Importantly, ZM treatment skewed the population of pSer-55 toward G2/M phosphorylation levels instead of an M phase level, suggesting that Ser-55 phosphorylation occurs before GlcNAcylation. This observation explains why the two inhibitors in combination produce an effect phenotypically like that of ZM alone at this site. The actions of GT in locking the O-GlcNAc in place appeared after Ser-55 phosphorylation/dephosphorylation. Possibly, the Ser-55 acts as a priming phosphorylation site for an OGT/PP1 complex to interact with vimentin and add the O-GlcNAc to the adjacent serine while dephosphorylating Ser-55.
Alternatively, inhibitor treatment disrupted the cycling of the modifications on vimentin, locking the protein in specific posttranslational states.
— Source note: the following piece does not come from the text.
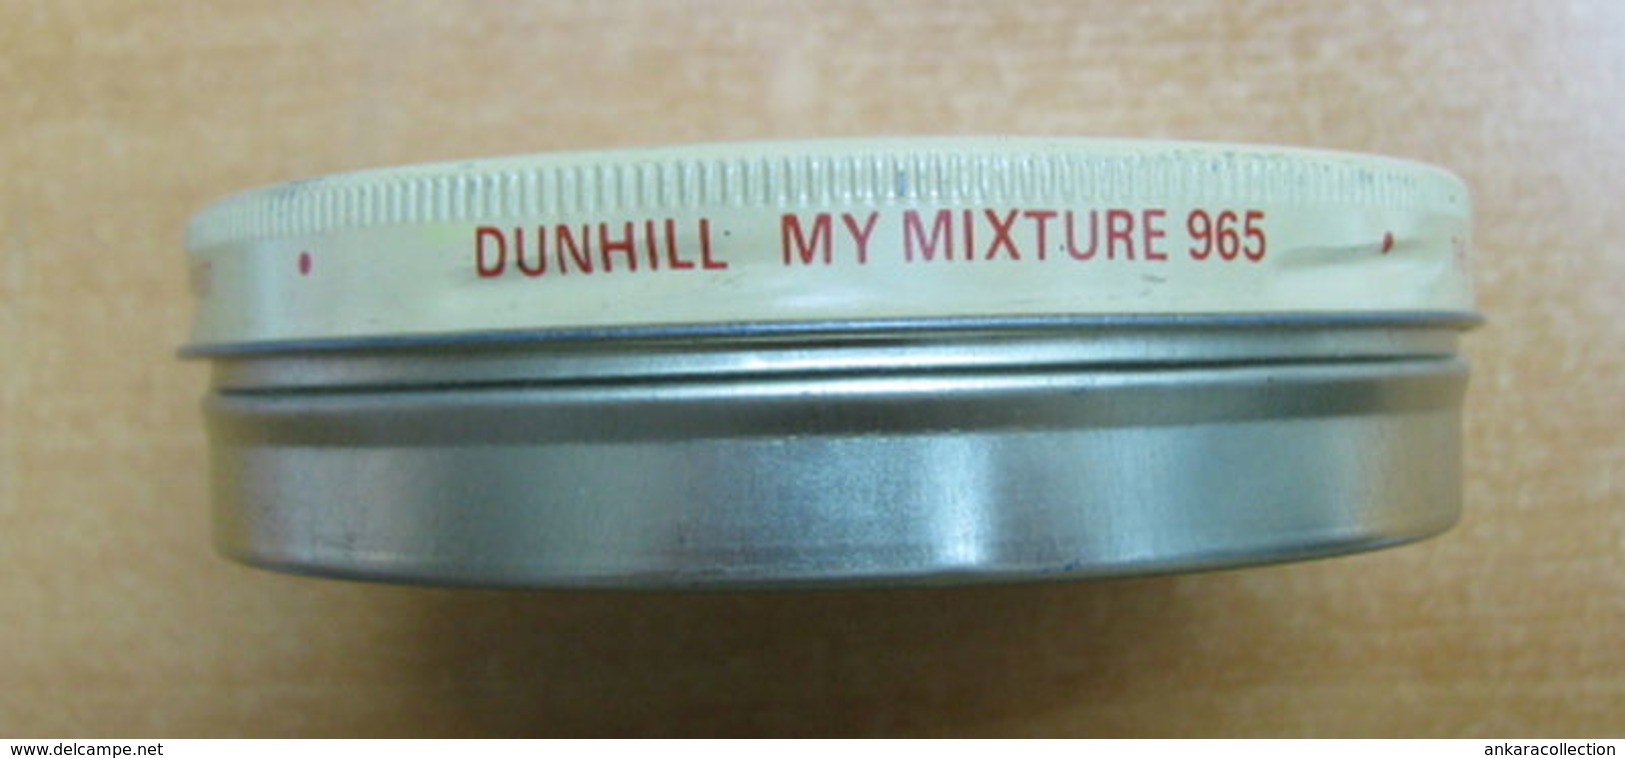 AC - DUNHILL MIXTURE 965 CIGARETE - TOBACCO EMPTY TIN BOX FINE CONDITION FOR COLLECTION - Boites à Tabac Vides

Staining of vimentin under these conditions showed a slight increase in filament structure. Potentially, increases in GlcNAcylated vimentin or disruption of the removal of O-GlcNAc from the protein might block filament disassembly. These data suggest that the timing of phosphorylation and GlcNAcylation of vimentin are connected and dependent on each other. Disruption of this timing could potentially disrupt the proper segregation of vimentin in the two daughter cells.
These observations suggest that O-GlcNAc processing by OGT and OGA is coupled to phosphorylation processing during M phase. Linking mitotic kinases and phosphatases with OGT and OGA generates a signaling complex that could potentially fine-tune the regulation of target proteins. This study demonstrates the potential for dynamic regulation of a large number of mitotic proteins by this complex. However, more targets of this complex need to be identified before a clear picture of mitotic regulation is possible. The use of large-scale proteomic methods to map mitotic GlcNAcylation sites would greatly aid in determining substrates for this complex.